Let $x_0$ be a root of $p_n(x)$ such that $p_n(x_0) = 0$ then

$$
-\frac{4d}{a_1^2} < x_0 \leq 0, \forall d, a_1, n
$$

EDIT: There was a mistake in the simplification process of the recurrence relation. I corrected it. It influenced the result for the calculation of the roots of the discriminant. Therefore the accepted answer was using my wrong calculation. But the answer is still applicable as the inequality was still holding.

Best Answer

The characteristic polynomial is crucial to understanding how the function behaves because of how the difference equation works. This answer assumes you are very comfortable with the basics of linear difference equations and that have a good theoretical grasp of how functions work.

We're going to work on getting a closed form for $p_n(x)$. The key realization here is that the value $p_n(1)$, for example, only depends on $p_1(1),p_2(1),p_3(1),\dots,p_{n-1}(1)$. In general, for a fixed $t$, $p_n(t)$ only depends on the values of the other functions at $t$. Therefore, if we fix $t$, we can explore the behavior of the sequence $p_1(t),p_2(t),p_3(t),\dots$ without worrying about how the function behaves in other places.

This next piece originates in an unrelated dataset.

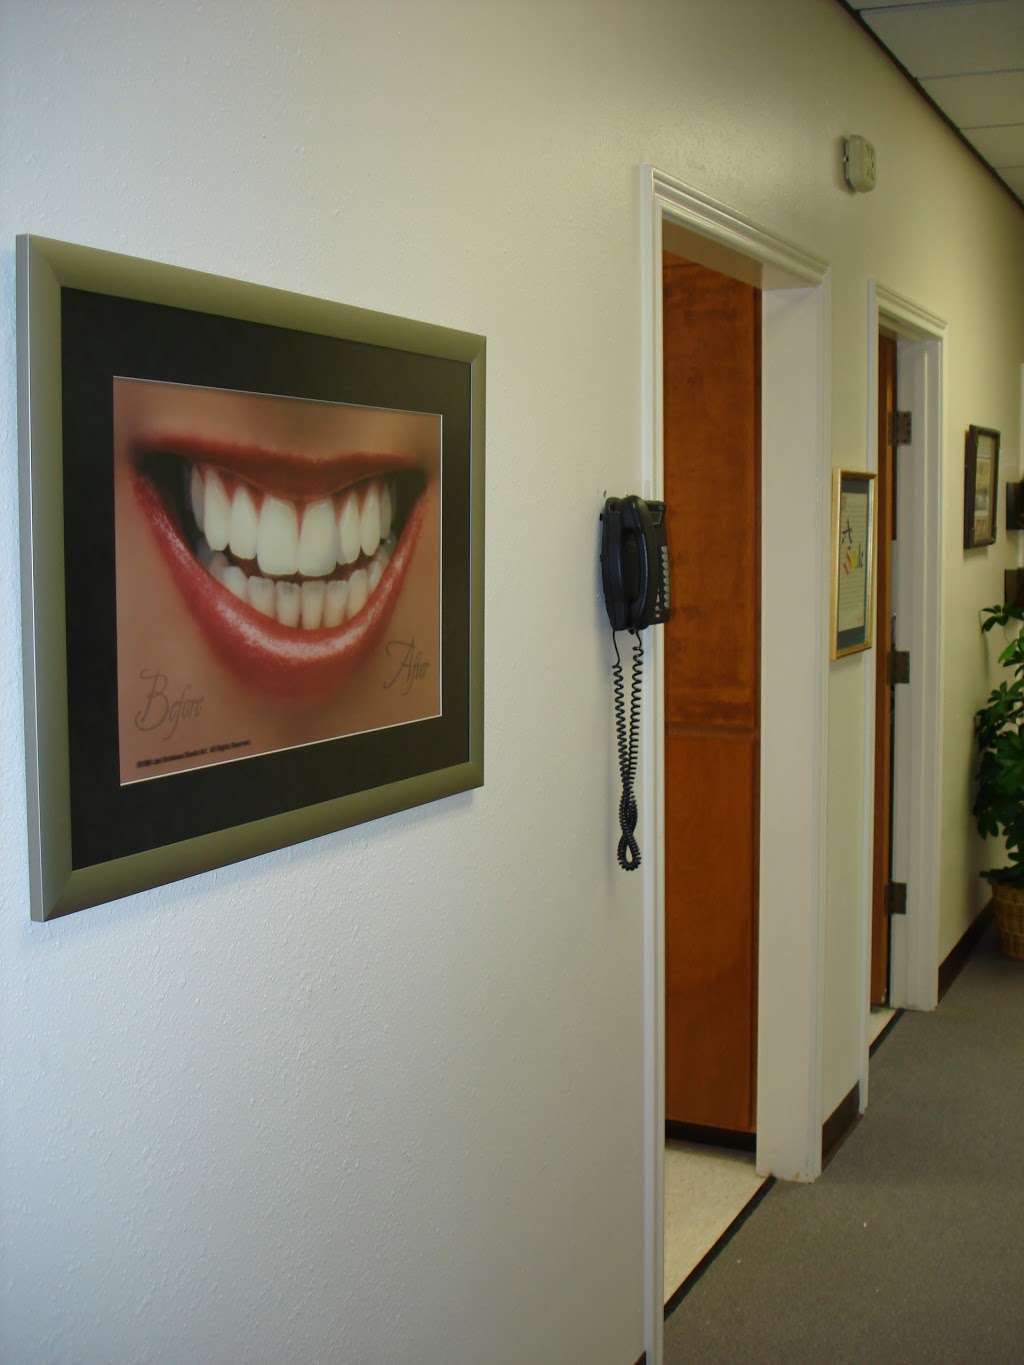 Dickinson Dental: Dr. Maxwell C. Elliott DDS | 1915 FM 517 Rd E, Dickinson, TX 77539, USA | Phone: (281) 534-7112

I'll take your equation, $p_n(x)=(x+2)a_1p_{n-1}(x)+[(d-a_1)x-a_1]p_{n-2}(x)$ as given. If we fix $x$, then we can write $p_n(x)-(x+2)a_1p_{n-1}(x)-[(d-a_1)x-a_1]p_{n-2}(x)=0$, which is a linear difference equation with constant coefficients (remember $x$ is fixed). This means that we can solve it the standard way; assume that $p_n=\lambda^n$ is a solution for some constant $\lambda$ (or, in the world of the function $p_n(x)$, $\lambda$ depends on $x$). This gives us the characteristic function $\lambda^2-(x+2)a_1\lambda-((d-a_1)x-a_1)=0$. This will, of course, give rise to two (either both real or complex conjugate) solutions $\lambda_{1,2}(x)$, and then for suitable constants $c_1,c_2$ we have that $p_n(x)=c_1(\lambda_1(x))^n+c_2(\lambda_2(x))^n$. (This assumes $\lambda_1\neq\lambda_2$: the case where the two are equal is unimportant to the overall explanation and adds extra complexity, so I won't be covering it.)

So far, we've used the same ideas that exist in any beginner's course on difference equations. The only level of abstraction to get your head around is that we are using functions of $x$ instead of sequences. This is important to understand in order to answer the question you posed.

Let's go back to that characteristic polynomial, $\lambda^2-(x+2)a_1\lambda-((d-a_1)x-a_1)=0$. Clearly, a choice of $x,a_1,d$ fixes constant values of $\lambda_{1,2}$. The discriminant of that characteristic polynomial is, as you said, $\Delta=a_1^2x^2+4[a_1(a_1-1)+d]x$, a function of $x$. But what does the discriminant of a quadratic mean? You'll remember that if the discriminant is positive, then there are two distinct real solutions for the quadratic. If the discriminant is negative, then there are two non-real, complex conjugate solutions of the quadratic.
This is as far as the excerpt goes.